Sterling Elliott was a carriage-maker who developed a machine to stitch dashes, a pamphlet stitcher, and the Elliott Belt Lace Cutter. His interest turned to bicycles when they first became popular. Sterling was president of the League of American Wheelmen and published Elliott’s Magazine and the L.A.W. Bulletin. He also produced the Hickory Bicycle in 1885. Applying his wooden wheels to sulkys proved most successful.

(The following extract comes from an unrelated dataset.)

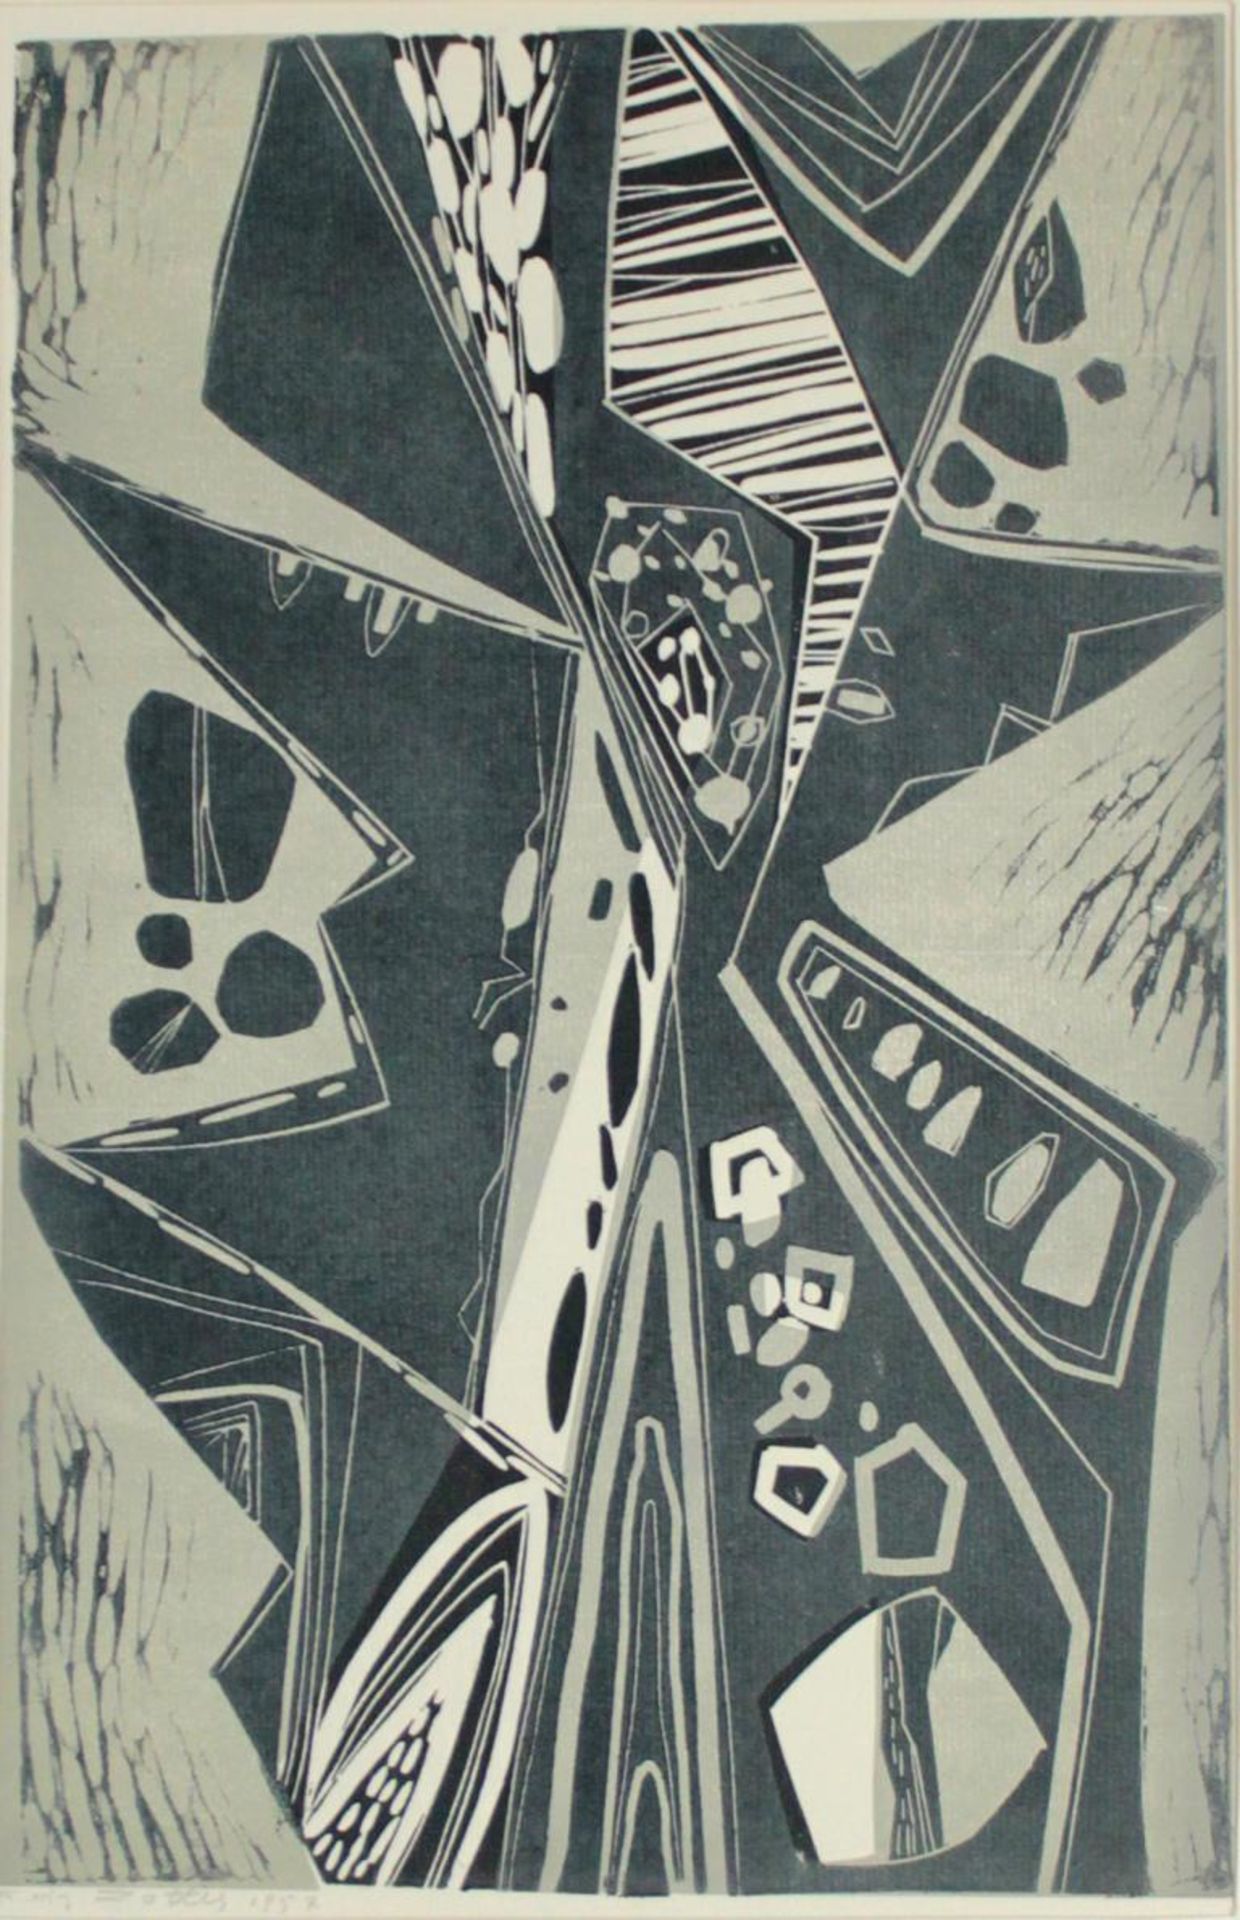  Feri Zotter(1923 - 1987)"Baum"1957Linolschnitt auf Papier; signiert und datiert

The Peninsular Novelty Company also manufactured and sold machine that stapled buttons to shoes. The name became the Heaton Peninsular Button Fastener Company in 1889 and the Heaton Peninsular Company in 1897. The machines were manufactured by the Parker Manufacturing Company of Boston. Frank Whitcher was developing an empire in shoe manufacturing. Frank purchased Parker 1909 and then acquired all the assets of Heaton, Peninsular, and Elliott. Expansion to Grand Rapids, Michigan was in 1915.